Supercritical carbon dioxide shell button dyeing caldron and dyeing thereof

Technical field

The invention belongs to technical field of textile printing, relate to supercritical CO 2 dyeing still, particularly supercritical carbon dioxide shell button dyeing caldron and dyeing thereof.

Background technology

China is the country of a shortage of water resources, and water resource environment is also in continuous deterioration, and add the waste with water, Situation of water resources allows of no optimist especially.The traditional water bath dyeing of button, main is medium with water, in dyeing course, the chemical substances such as a large amount of dyestuffs, auxiliary agent and surfactant cause severe contamination to environment, resistant to elevated temperatures colouring agent kind is few, colour system is incomplete, add Masterbatch causes button production process unstable, governs the sustainable development of garment accessories industry.The requirement of 2l century commute controlling, high efficiency, nonstaining property and reusable edible is more and more outstanding.The supercritical carbon dioxide waterless staining technique developed in last century end is considered to a kind of " green, sustainable development " technology because of outstanding features such as it is pollution-free, short route, high efficiency, and enjoys favor.

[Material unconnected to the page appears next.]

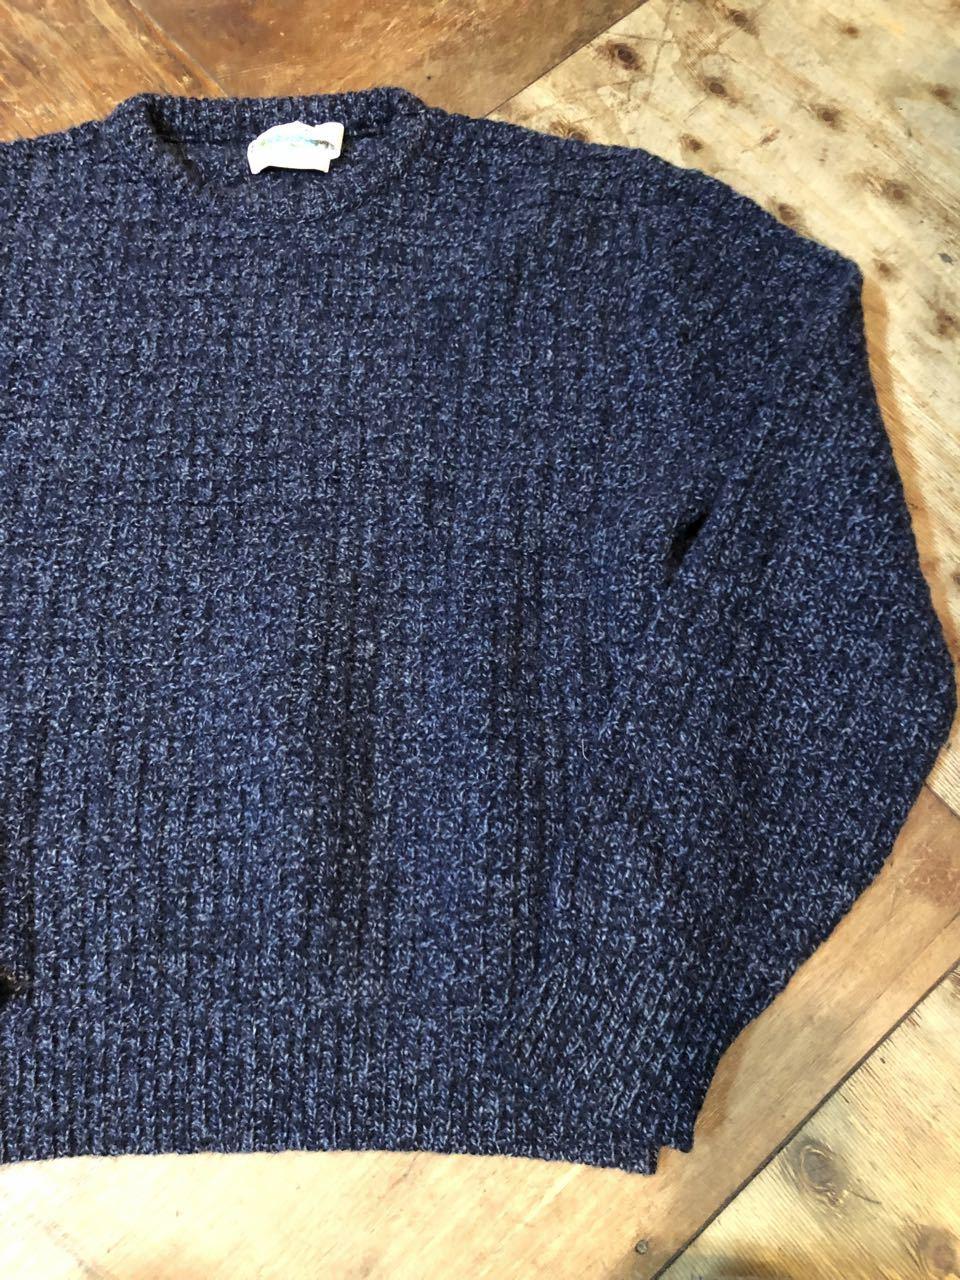 12月7日(土)入荷!デッドストック MADE IN IRELAND ARAN セーター(フィッシャーマンズセーター)など色々入荷!_c0144020_13570844.jpg

At present, supercritical CO 2 dyeing technology has obtained interim progress as a kind of novel green dyeing-finishing technology, comparatively ripe to the associating exploratory development of its process conditions, dyeing mechanism and dyeing installation.And the supercritical fluid dyeing research of garment accessories seldom, supercritical CO 2 dyeing technology is not also adopted to carry out the dyeing of the garment accessories such as button at present.On the other hand, because button compact structure, quality are comparatively large, the mode according to the static state of routine is deposited in and dyes together, can cause forcing together of button and button consolidation, the overlapping of button and button there will be uneven dyeing and contaminates not saturating phenomenon, causes button dyeing speck.

Summary of the invention

An object of the present invention is to provide supercritical carbon dioxide shell button dyeing caldron, button is driven to dye in non-static mode by CO 2 fluid, thus the overlapping solving button and button when adopting the supercritical CO 2 dyeing still of prior art there will be uneven dyeing and contaminates not saturating, causes the problem of button dyeing speck.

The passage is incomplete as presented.